Tal vez por el hecho de que este problema de la concretización de procesos mentales me resulta fascinante, muchas veces encuentro inspiración en las artes plásticas o, al menos, en una percepción plástica, a través de metáforas, de mi entorno. Escribir es para mí nombrar las cosas con la mirada, nombrar con atención pero distanciamiento, idea que encontré también en forma de experiencia traumática en las duras visiones de Georg Trakl.

Walter Benjamin buscaba formas de introducir metáforas líricas en sus ensayos para restablecer el vínculo de la filosofía y la poesía con el mundo y, de esta manera, poder hacer de cada metáfora una metonimia. La poesía es muchas veces una búsqueda de tensión entre metáfora y metonimia, un continuo intento de intercambiar sus lugares. De esta forma se genera una crisis de identidad, aparece una interrogante sobre la auténtica relación entre nosotros y el mundo a través de un lenguaje corporal, un lenguaje que surge de la manera en que experimentamos nuestro propio cuerpo. Quien quiera leer poesía deberá estar dispuesto a aceptar literalmente, en un determinado nivel, cualquier tipo de figura estilística, porque, de lo contrario, estará traicionando el lenguaje específico de la lírica. Hablar en sentido figurado es cosa de políticos y diplomáticos. El poeta se expresa literalmente, especialmente en sus metáforas más descabelladas. Soy consciente de que los espíritus sofisticados consideran esta idea una forma de ingenuidad; pero quien no sea capaz de mirar como un niño, no podrá entrar nunca en el mundo de la gran poesía. Nietzsche llamaba a esto la seriedad mortal del juego. Dicha seriedad no tiene por qué ser siempre mortal, nada más lejos de mi visión. Pero en estos tiempos en que ya casi nadie cree en ella, no se le puede prestar peor servicio a la poesía que negarle su capacidad de volver a la literalidad de las palabras, su etimología, su pasado oculto o sus imágenes obsoletas, olvidadas. Negarle, en definitiva, su historia.

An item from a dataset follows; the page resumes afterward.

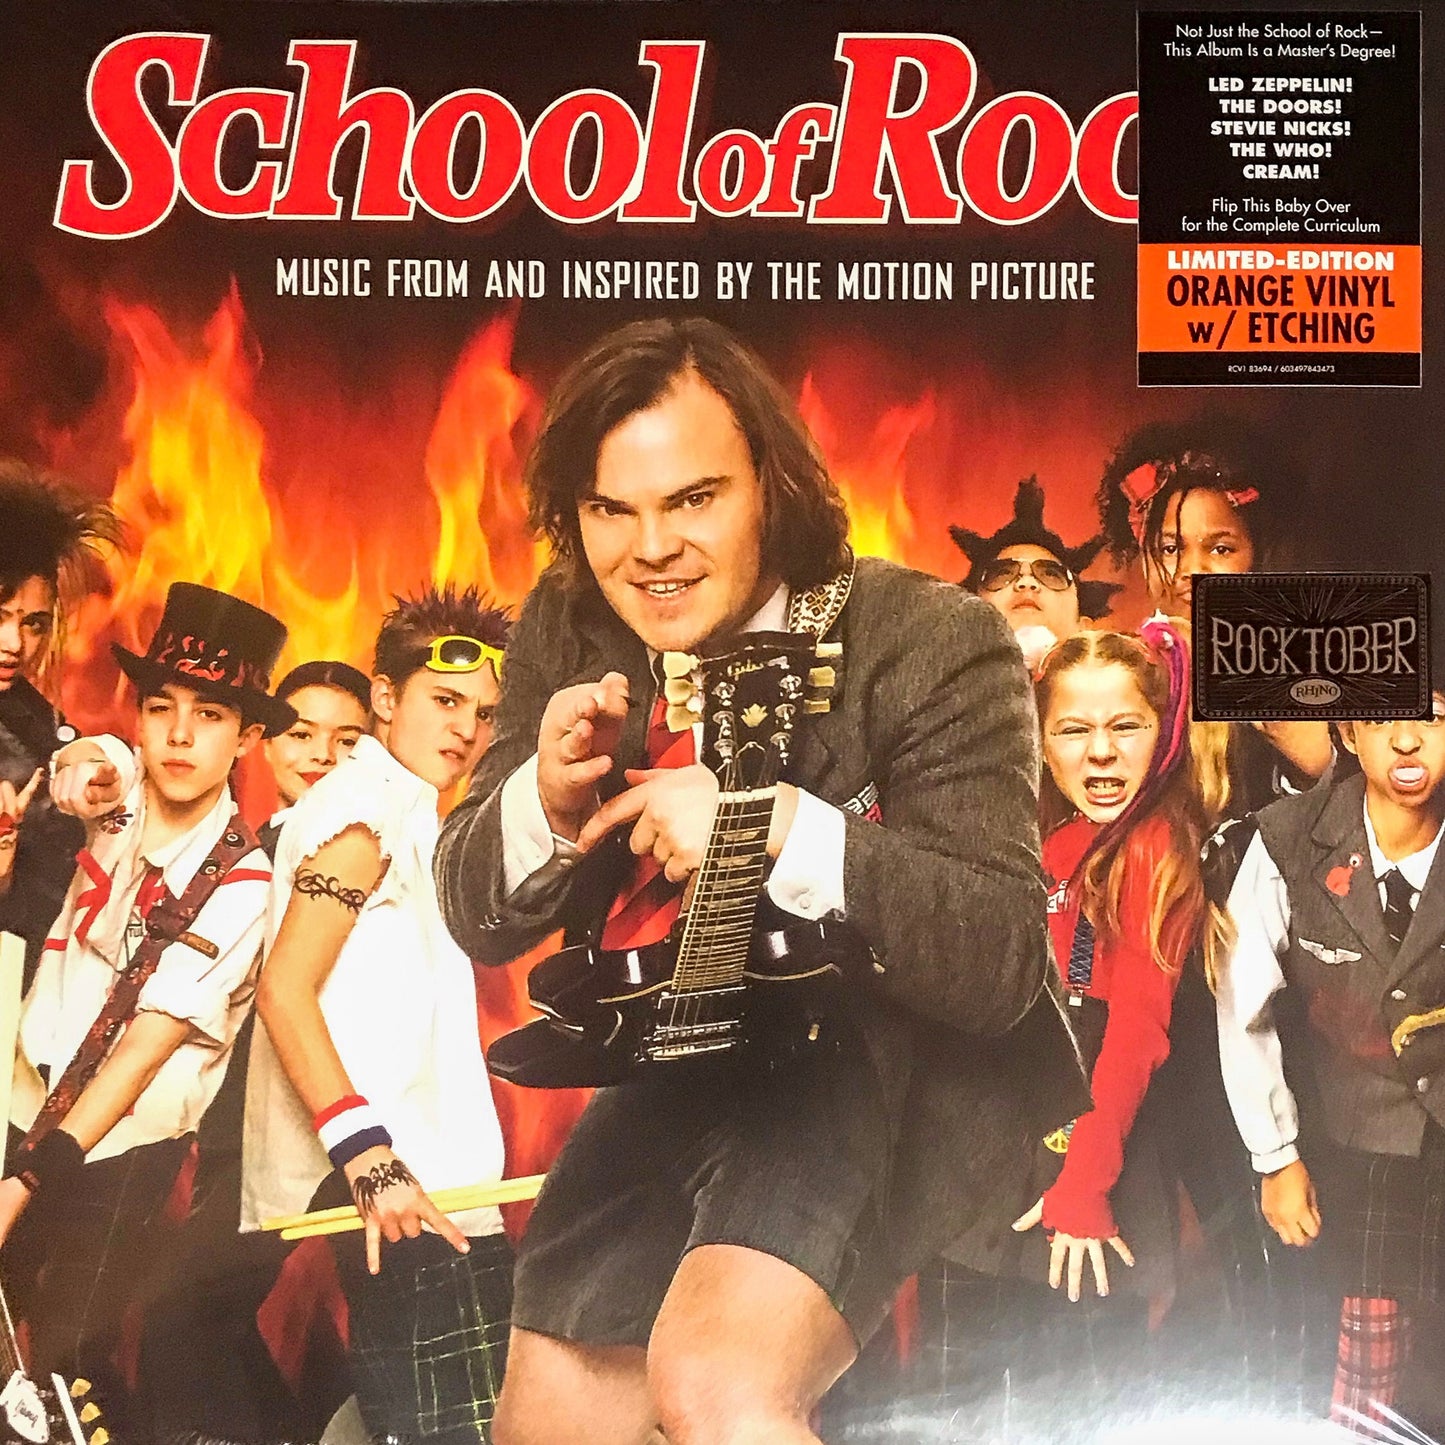 School of Rock: Music From & Inspired by The Motion Picture (Limited Edition 2XLP Orange Vinyl)
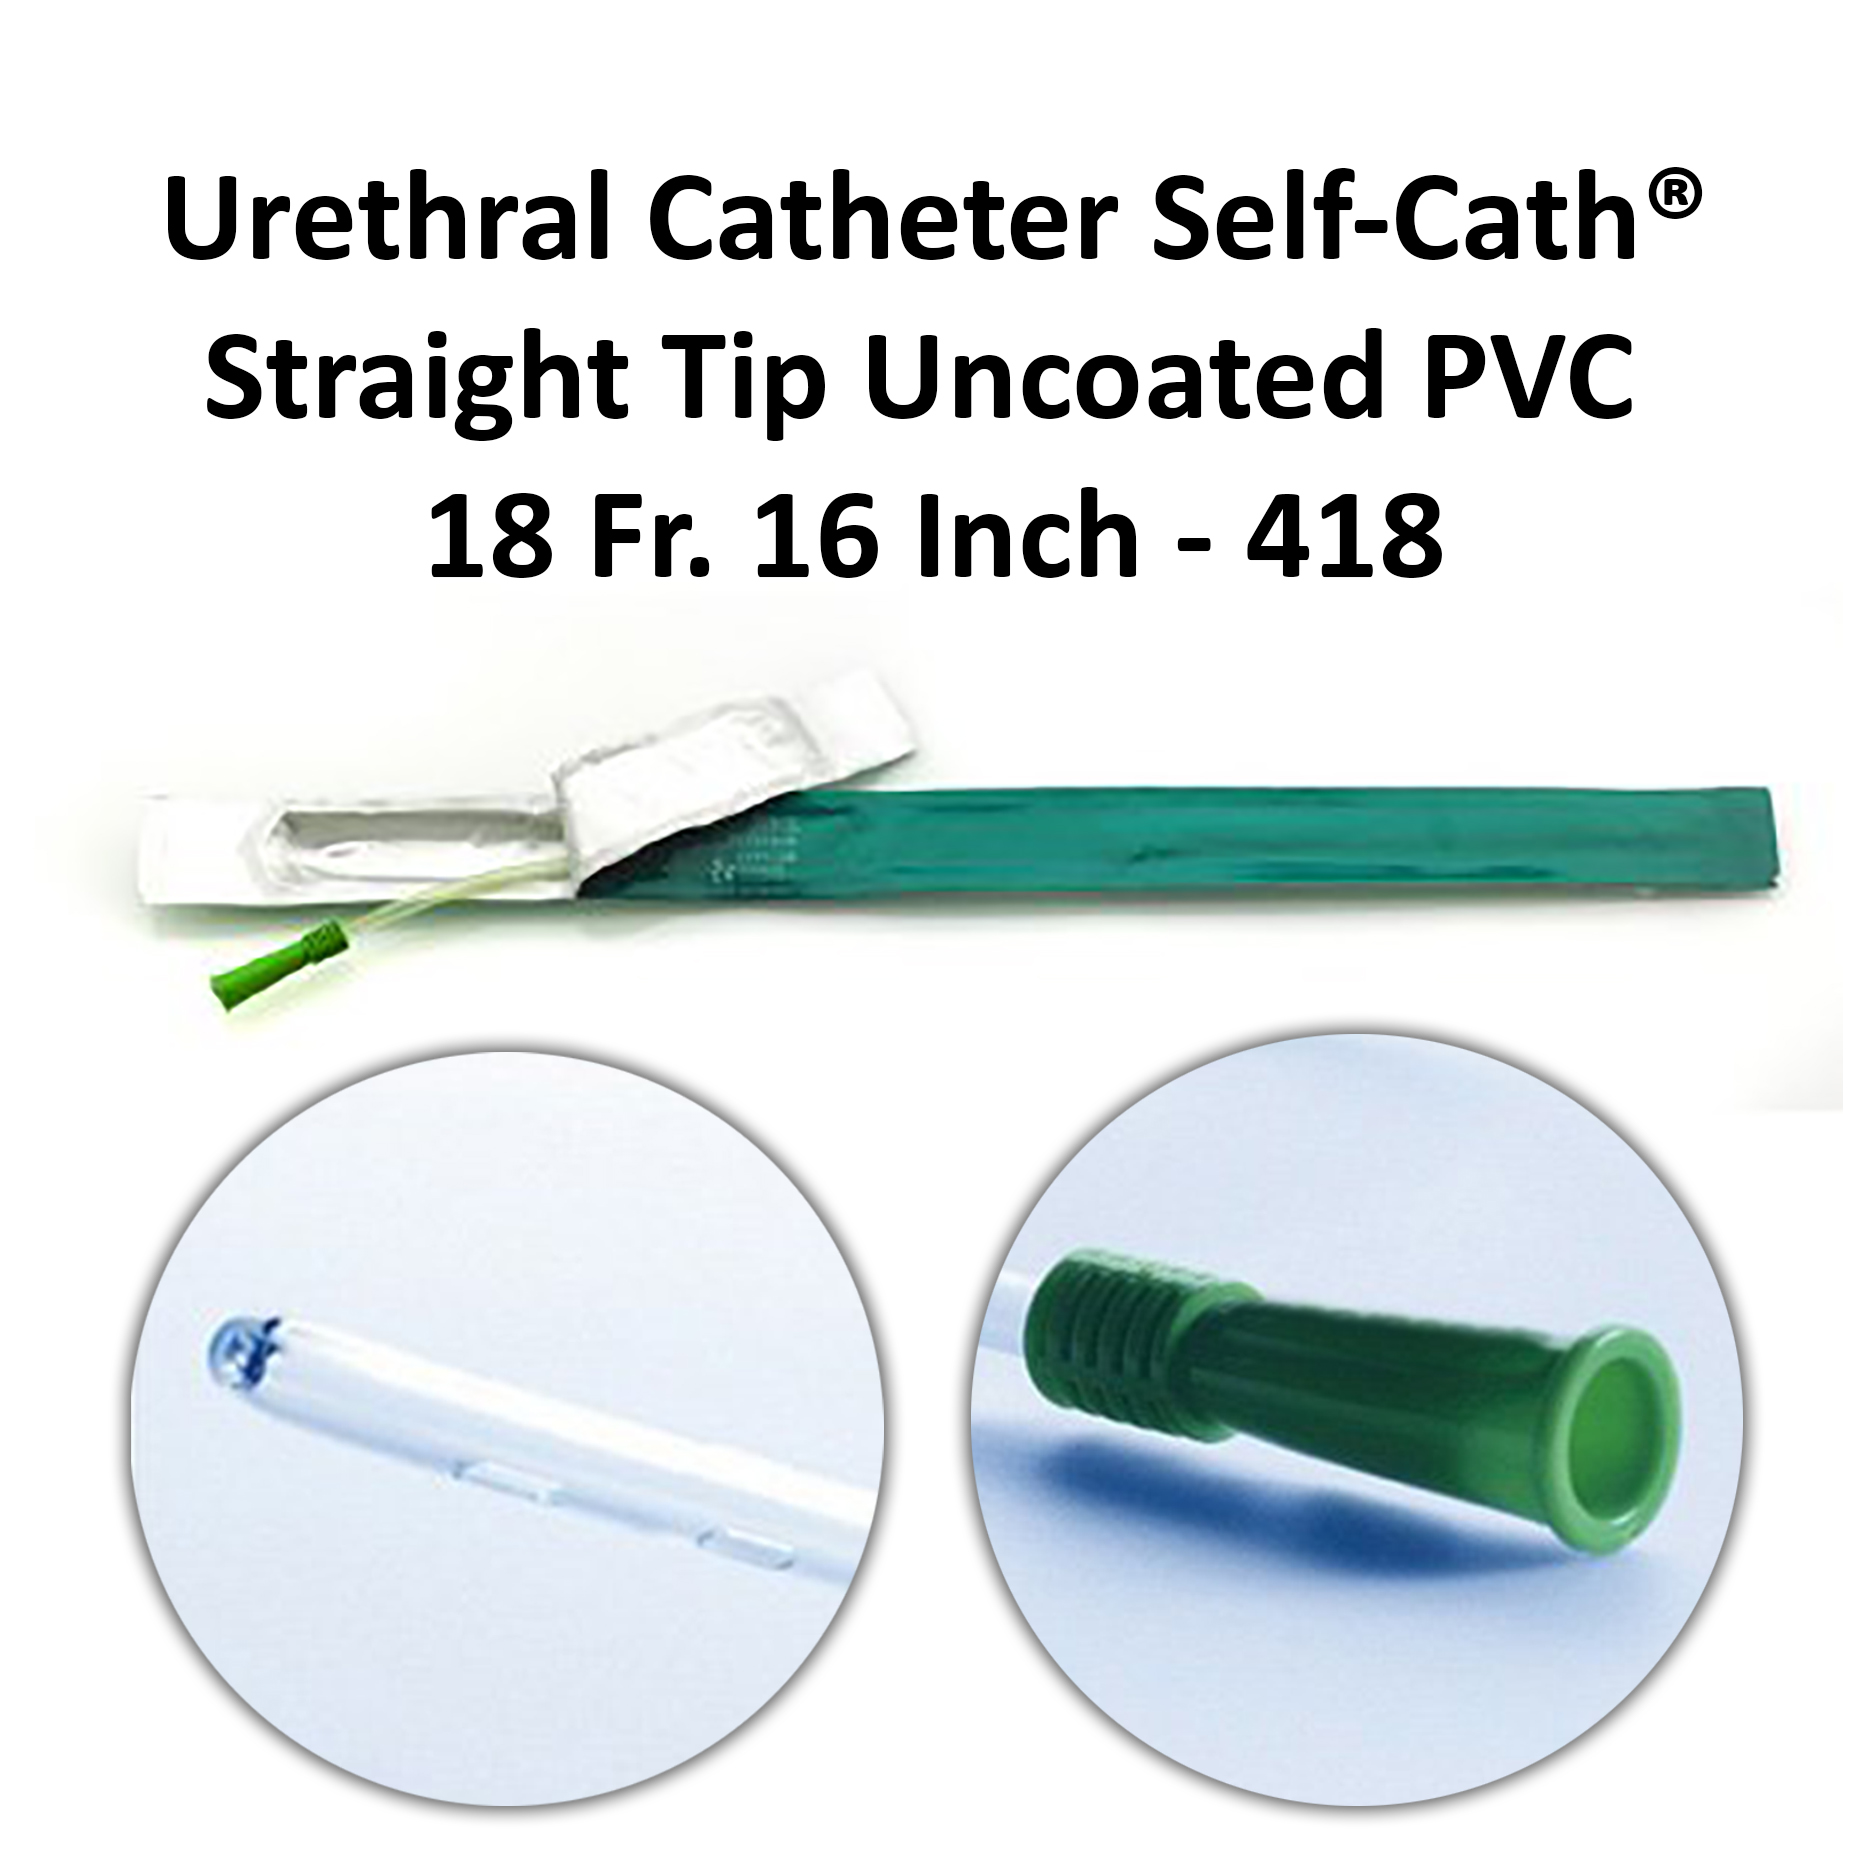 Urethral Catheter Self-Cath Straight Tip Uncoated PVC 18 Fr. 16 Inch - 418

Por otro lado, hay que atreverse a desvincular mentalmente la metonimia del objeto concreto que describe o de la anécdota que la une al sustantivo en cuestión, porque si no, traicionaremos a la poesía precisamente en lo tocante a su imaginación inaprensible, que es su única manera de seguir hablando del mundo y de la experiencia. Colocar un espejo frente a otro es la única forma que tenemos de vernos la espalda y adquirir conciencia de nosotros mismos desde una perspectiva exterior (en la medida en que no nos tapemos la vista a nosotros mismos), de la misma forma que cada poema, con su doble espejo de metáfora y objeto, encierra una forma de ver algo que la mayoría de las veces escapa a nuestra mirada a causa de nuestra propia presencia. Gottfried Benn comparó la palabra “yo” en una poesía con una termita que irá royendo poco a poco la madera de la composición hasta destruir por completo su significado. Nosotros, que varias generaciones después nos hemos liberado del yugo de estrictos tratados de teoría poética, sabemos en cualquier caso que la palabra yo, siguiendo la archicitada máxima de Rimbaud, siempre acaba saliendo de nosotros para señalar a un desconocido envuelto en sombras que los espejos del poema ponen en primer plano. Con ello, el poema compensa al menos un poco la continua traición a nuestro siempre elusivo yo.

De esa forma, la poesía cura la herida que ella misma había abierto en la conciencia, y no deja de hacerlo mientras haya otros ojos para leer e intuir, para traer al presente una y otra vez la misma imagen milenaria y mantener vivo ese proceso para la comunidad de lectores de poesía, por muy reducida que haya quedado en este mundo dominado por la prisa y los fuegos de artificio.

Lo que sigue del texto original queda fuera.